> Assignment: Give the data again exactly as written, without any of its pictures.

> Source material:
════════
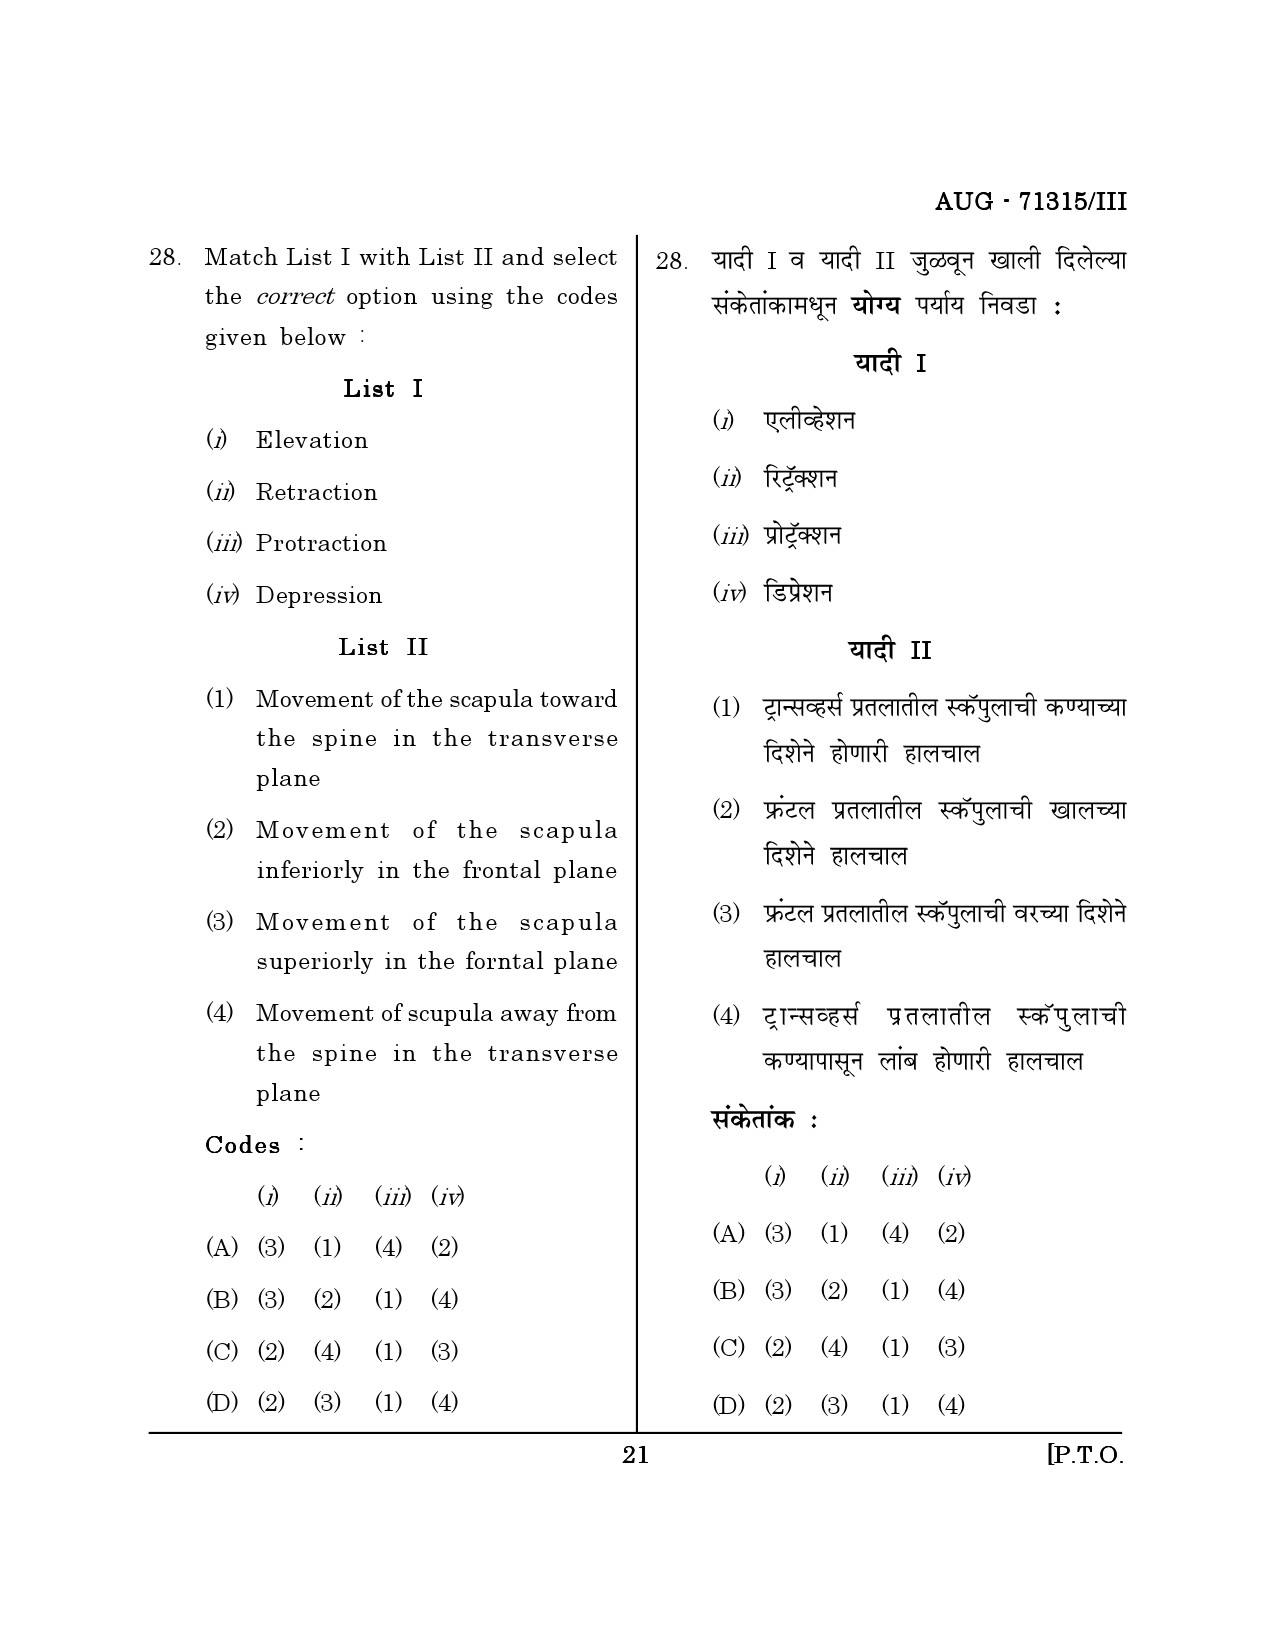 Maharashtra SET Physical Education Question Paper III August 2015 20
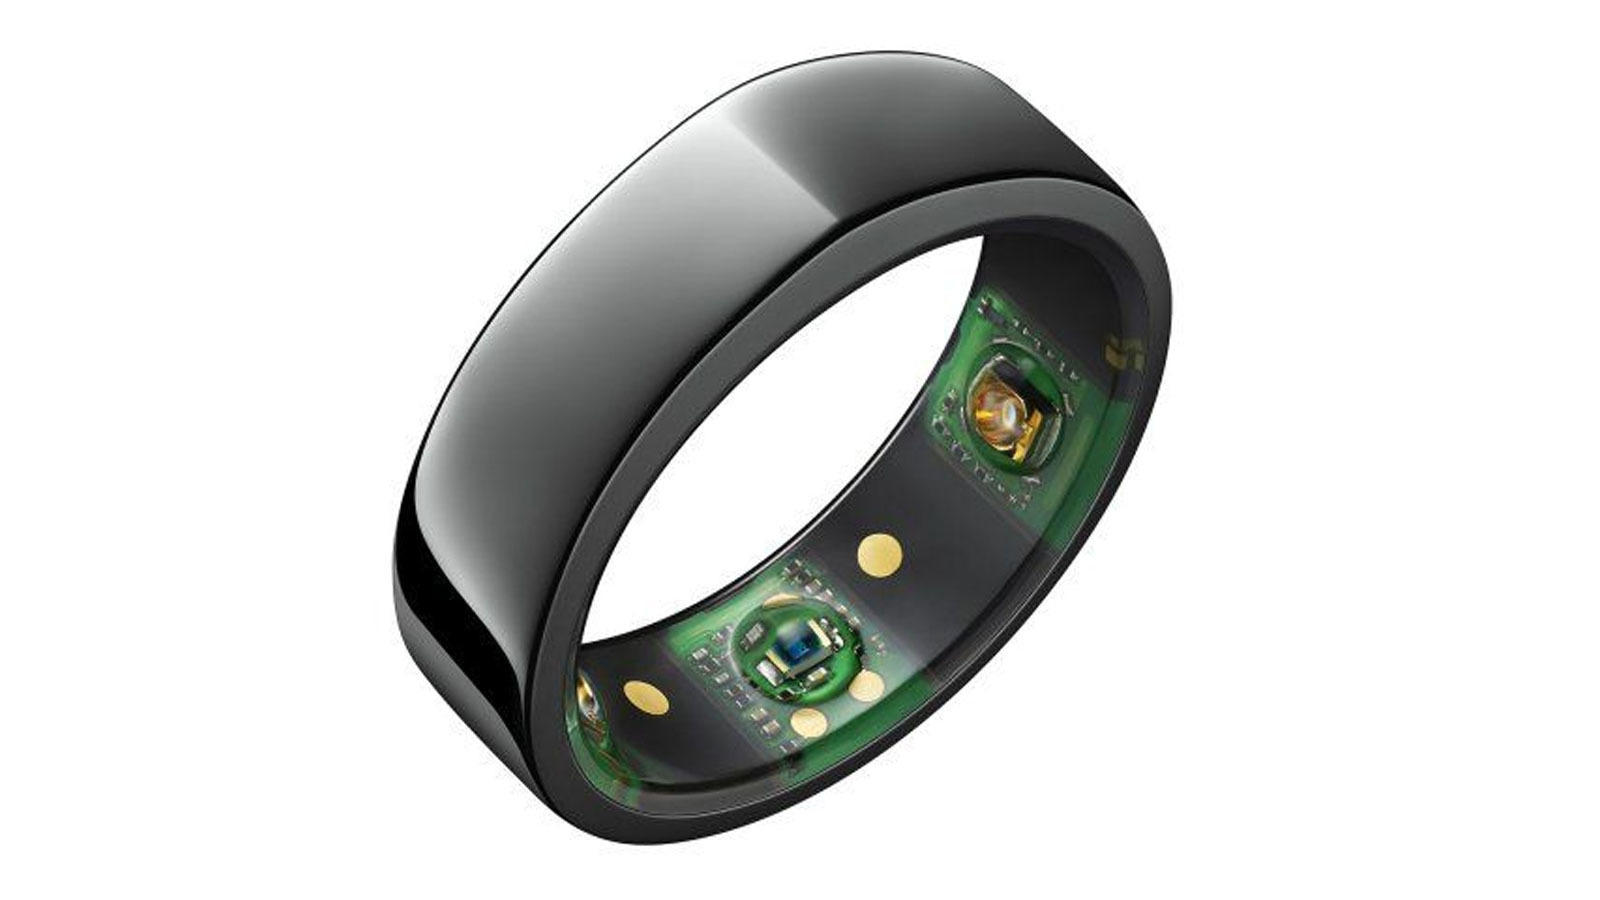 smart ring: This smart ring monitors temperature, can detect Covid
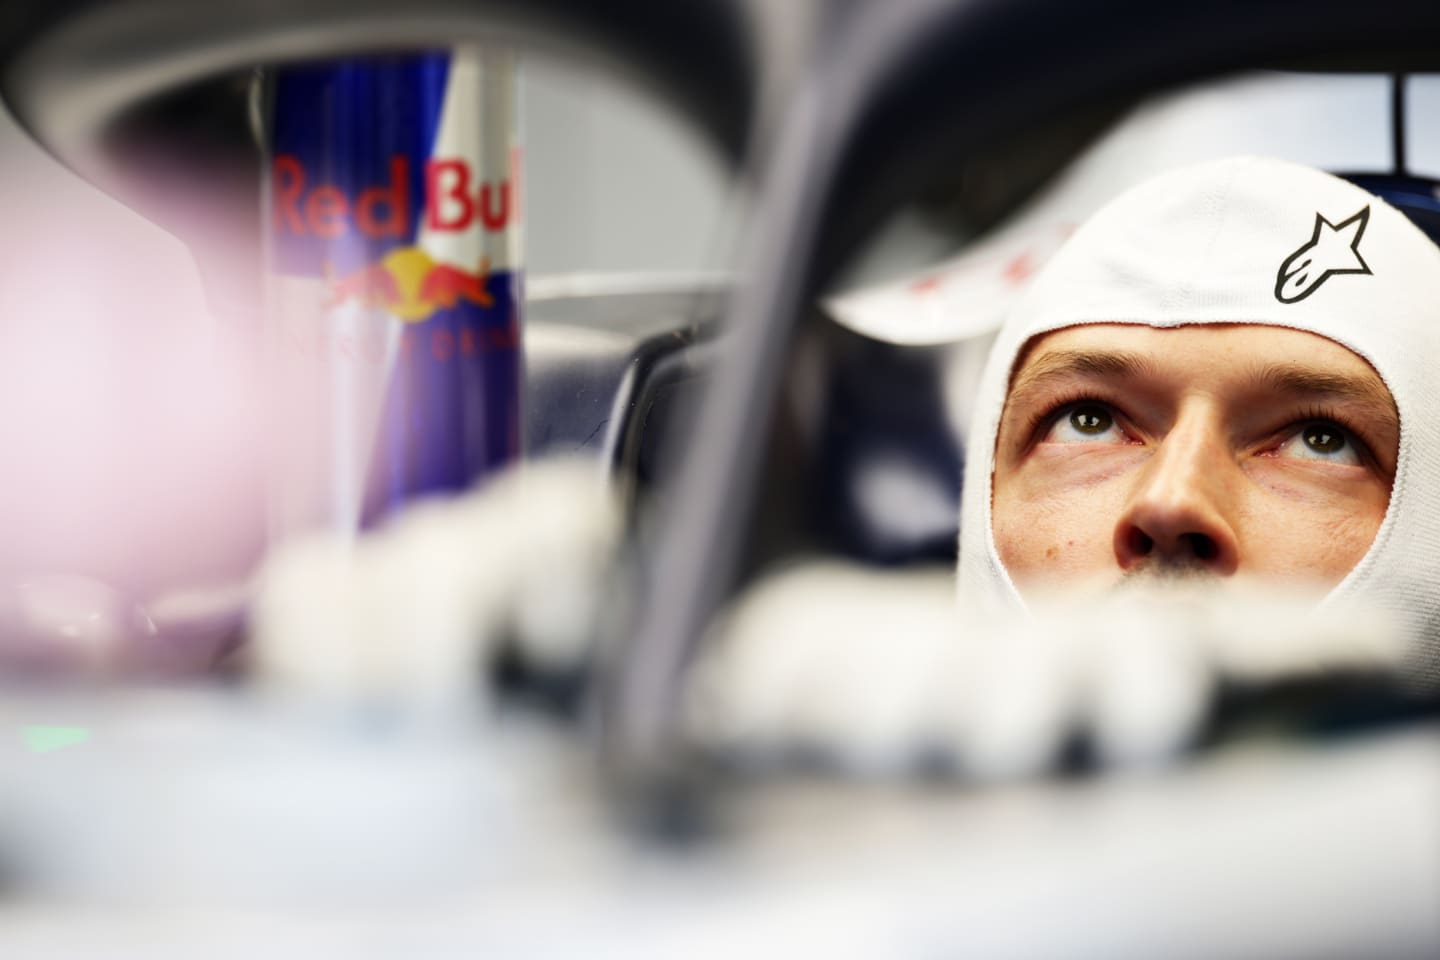 SPA, BELGIUM - AUGUST 28: Daniil Kvyat of Russia and Scuderia AlphaTauri prepares to drive in the garage during practice for the F1 Grand Prix of Belgium at Circuit de Spa-Francorchamps on August 28, 2020 in Spa, Belgium. (Photo by Peter Fox/Getty Images)
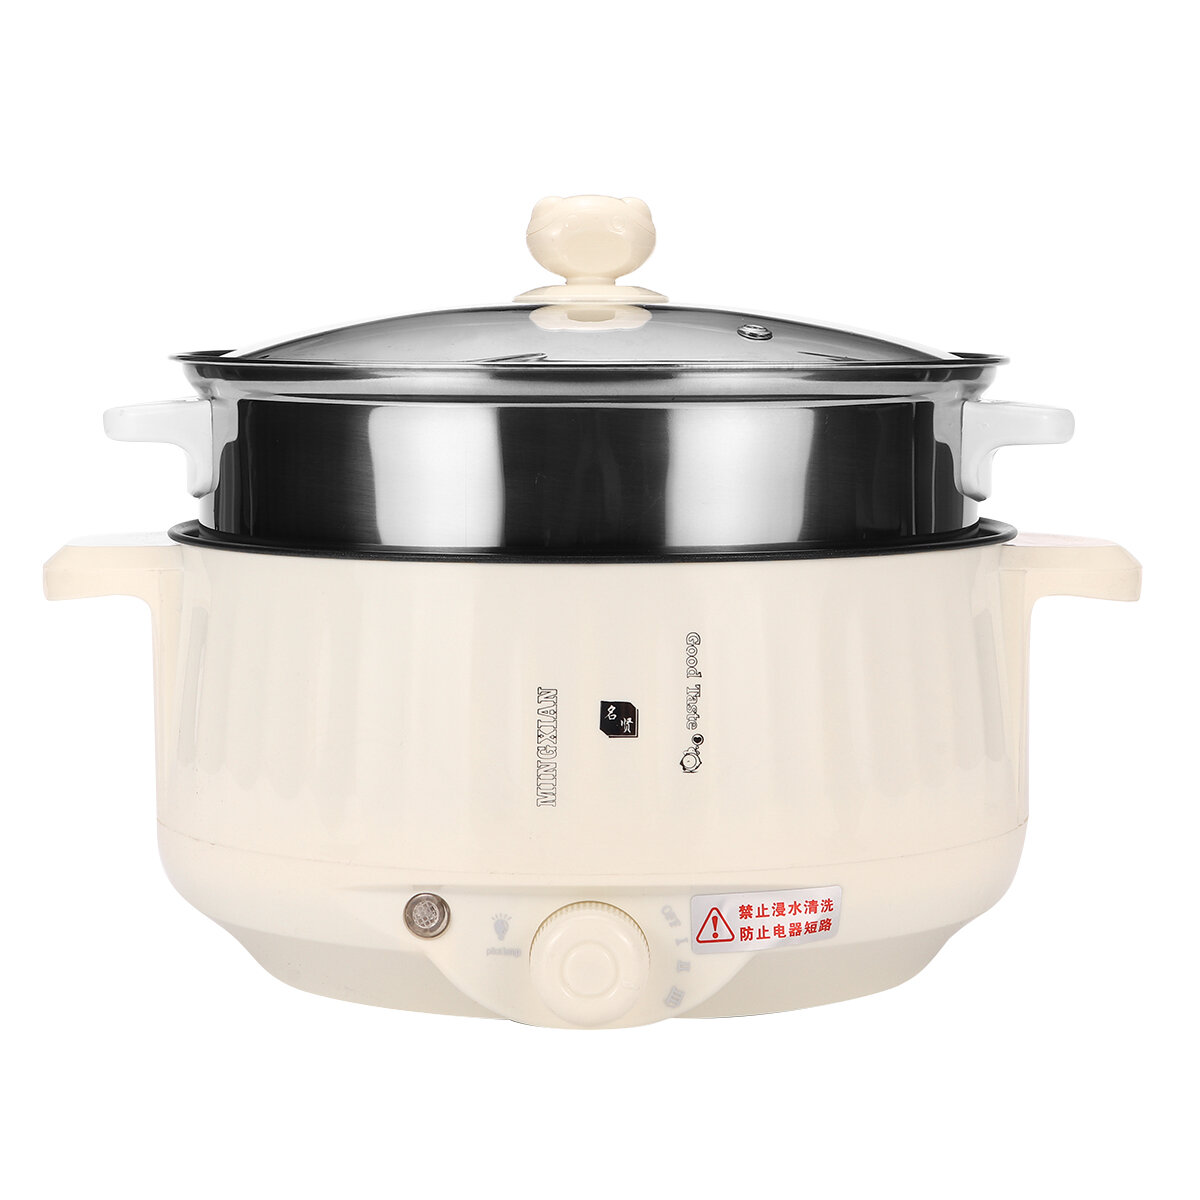 Image of 220V Mini Electric Cooking Pot Multifunction Rice Cooker Hot Pot Noodles Egg Soup Steamer Non-stick Linner Electric Cook
════════
> Solution to this problem:
 Maharashtra SET Physical Education Question Paper III August 2015 20
 smart ring: This smart ring monitors temperature, can detect Covid
 SPA, BELGIUM - AUGUST 28: Daniil Kvyat of Russia and Scuderia AlphaTauri prepares to drive in the garage during practice for the F1 Grand Prix of Belgium at Circuit de Spa-Francorchamps on August 28, 2020 in Spa, Belgium. (Photo by Peter Fox/Getty Images)
 Image of 220V Mini Electric Cooking Pot Multifunction Rice Cooker Hot Pot Noodles Egg Soup Steamer Non-stick Linner Electric Cook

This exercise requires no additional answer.